> DATASET CONTENT

════

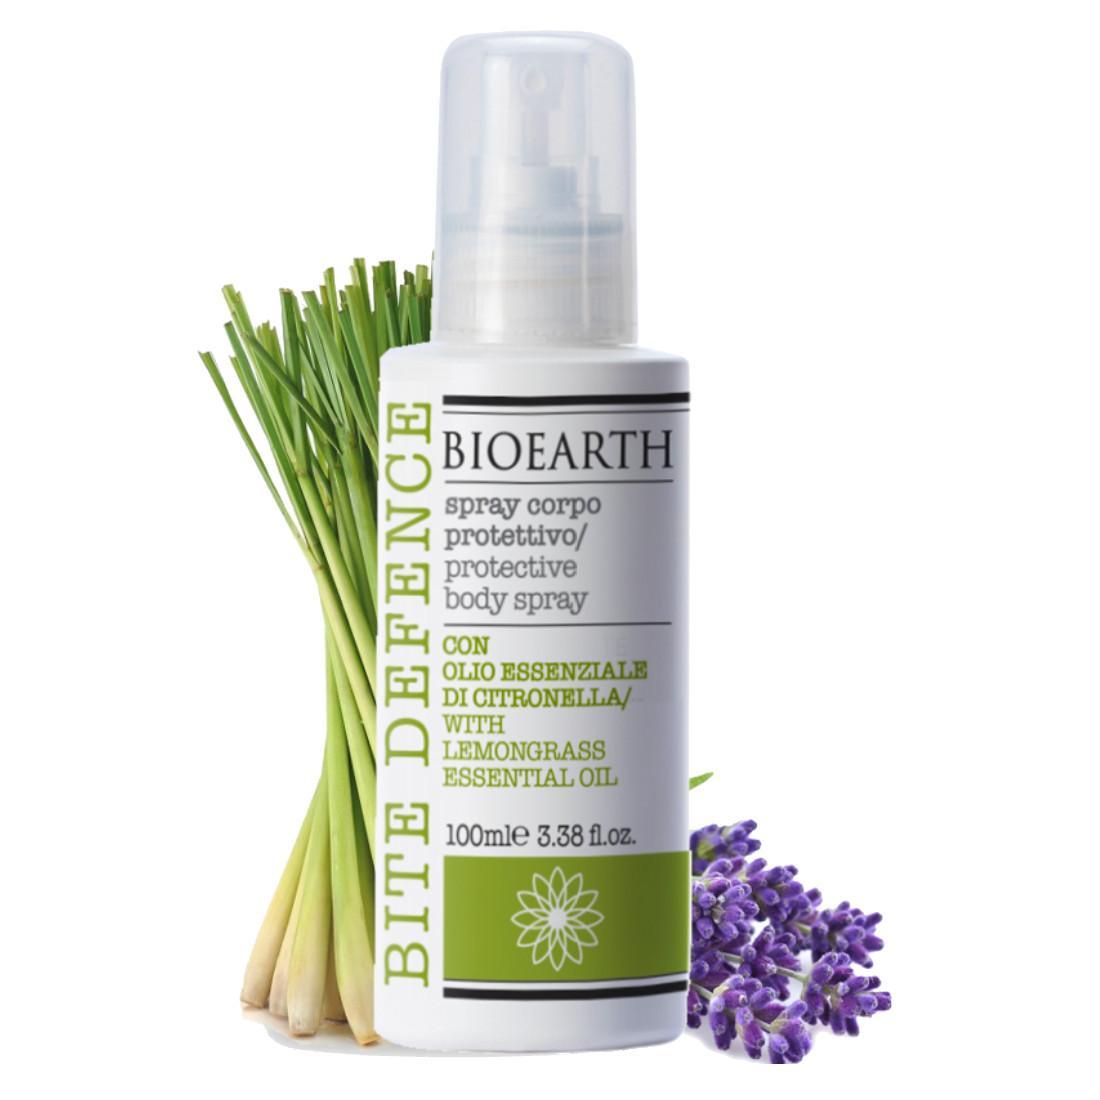 Bioearth Přírodní repelent ve spreji 100 ml
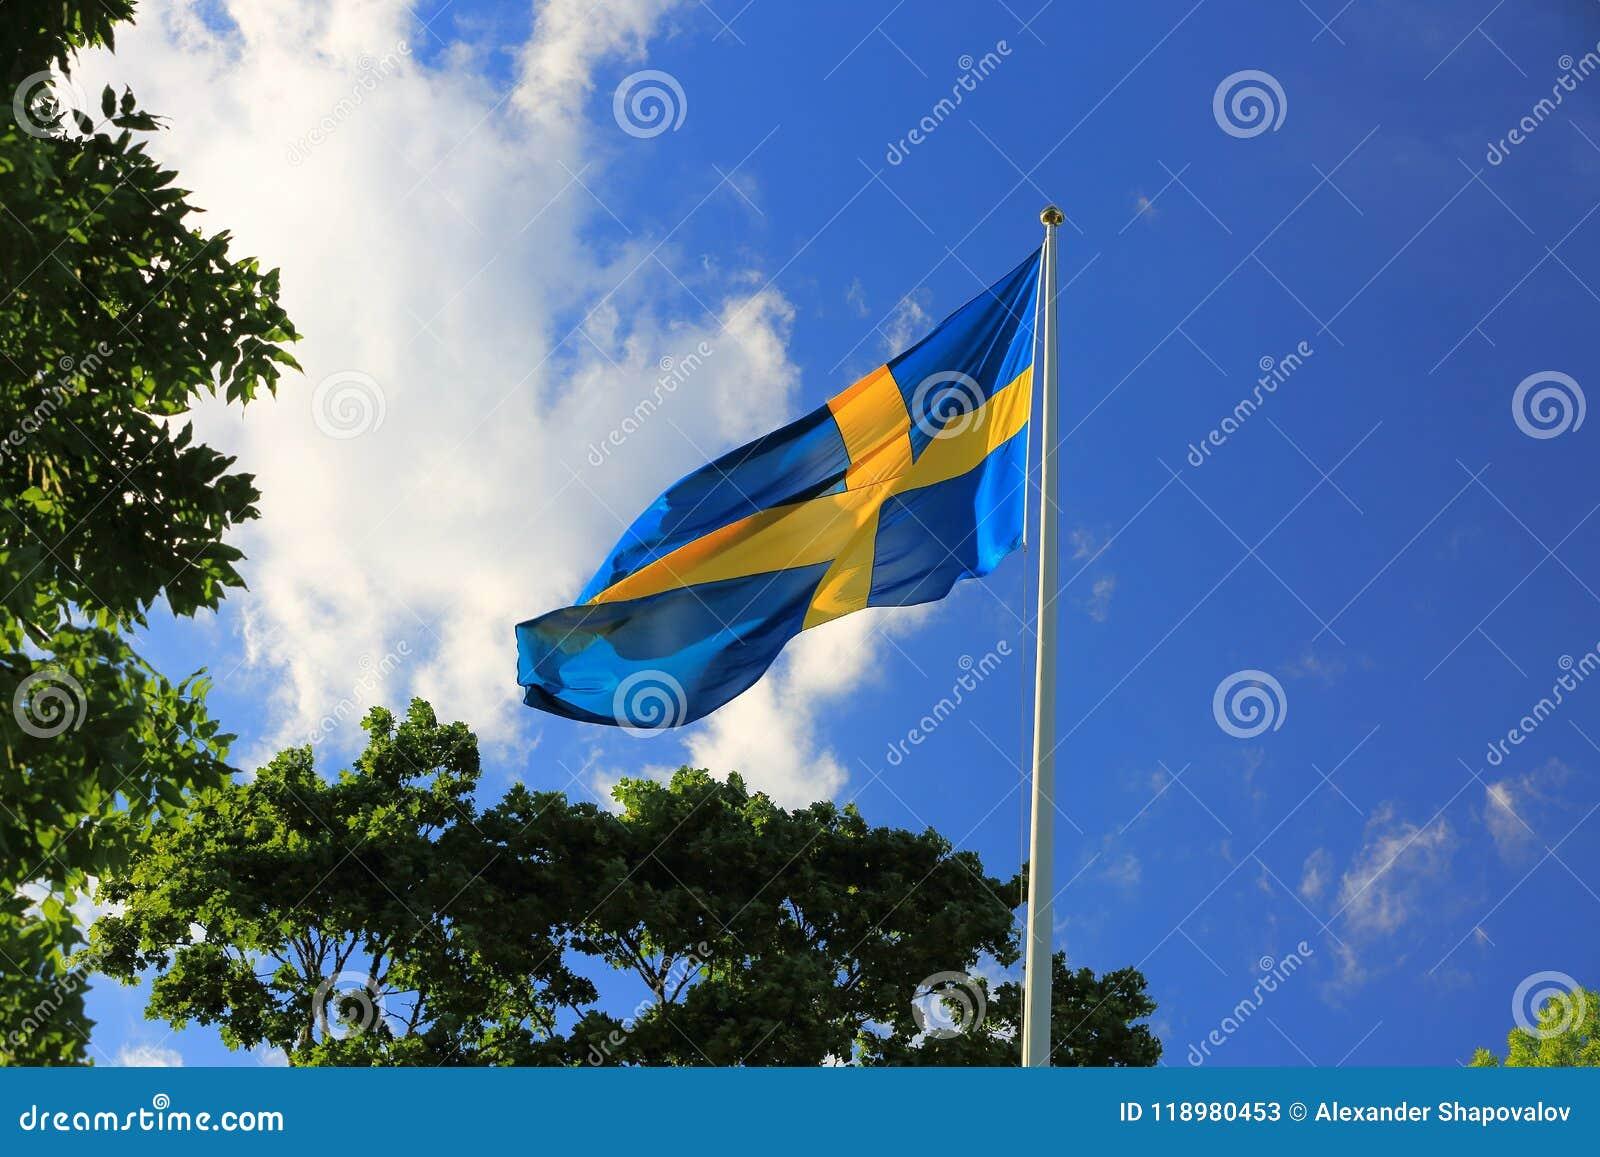 La hermosa vista de la bandera sueca en árboles verdes y del cielo azul con blanco se nubla el fondo
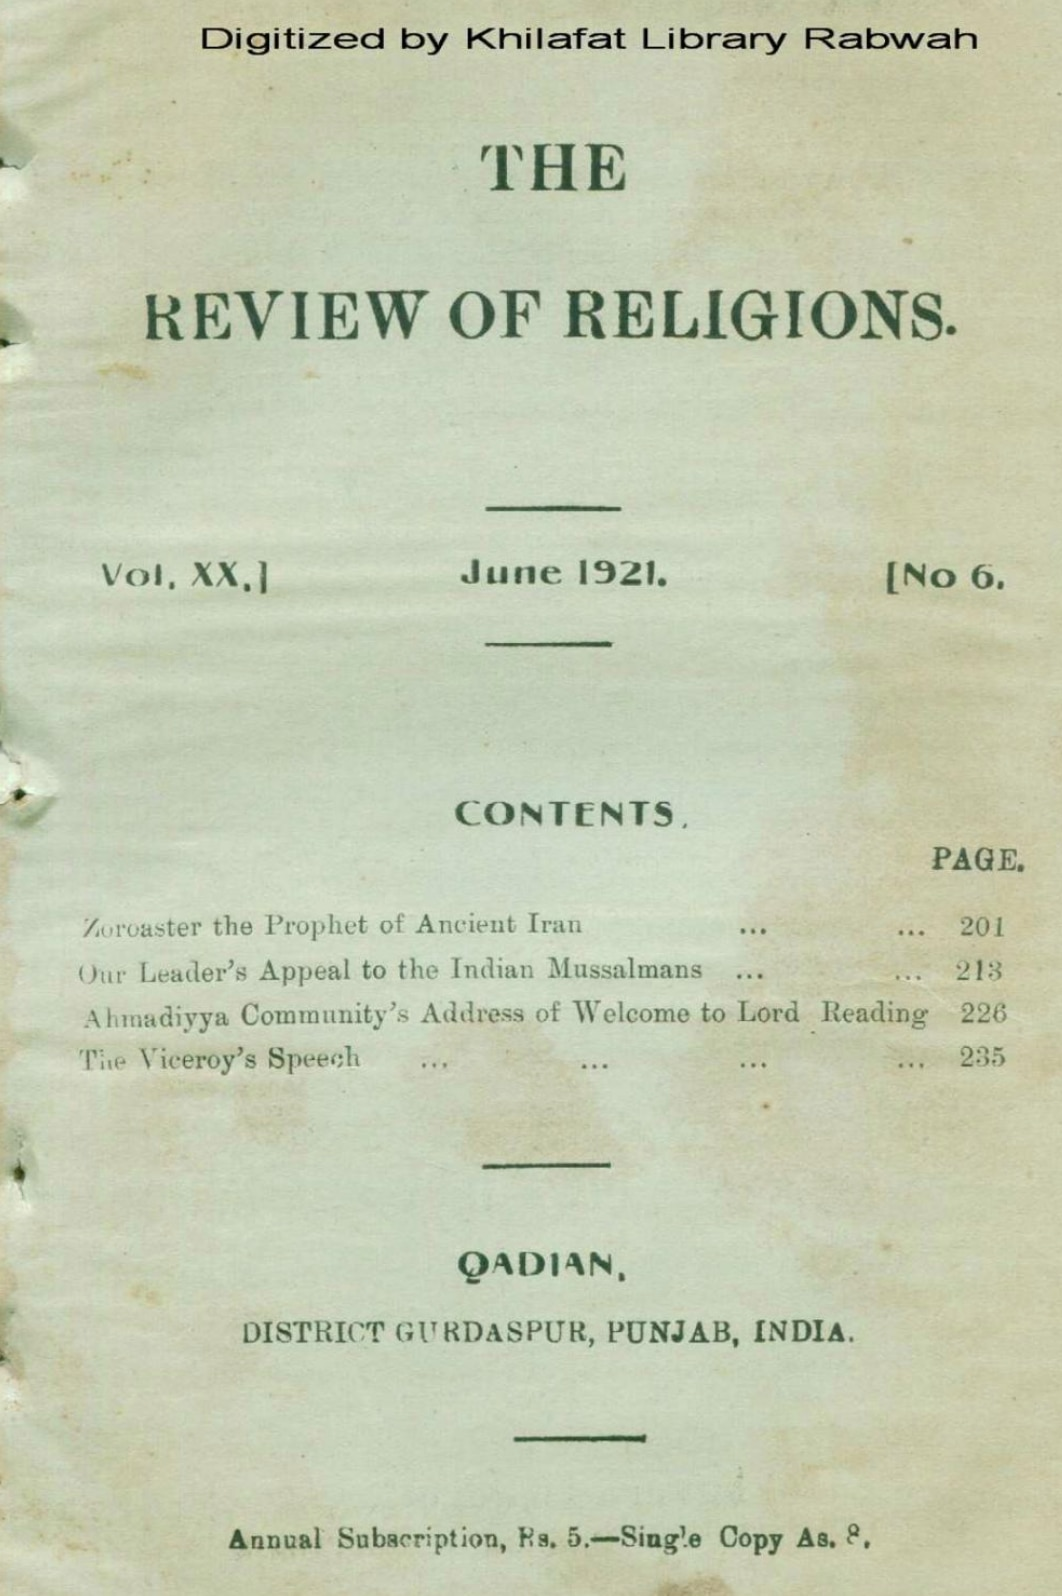 100 Year Rewind RoR June 1921

════

> WHAT TO WORK ON
Keep every word of the data as it is when you write it out, but drop the pictures.

> ANSWER BELOW
 Bioearth Přírodní repelent ve spreji 100 ml
 La hermosa vista de la bandera sueca en árboles verdes y del cielo azul con blanco se nubla el fondo
 100 Year Rewind RoR June 1921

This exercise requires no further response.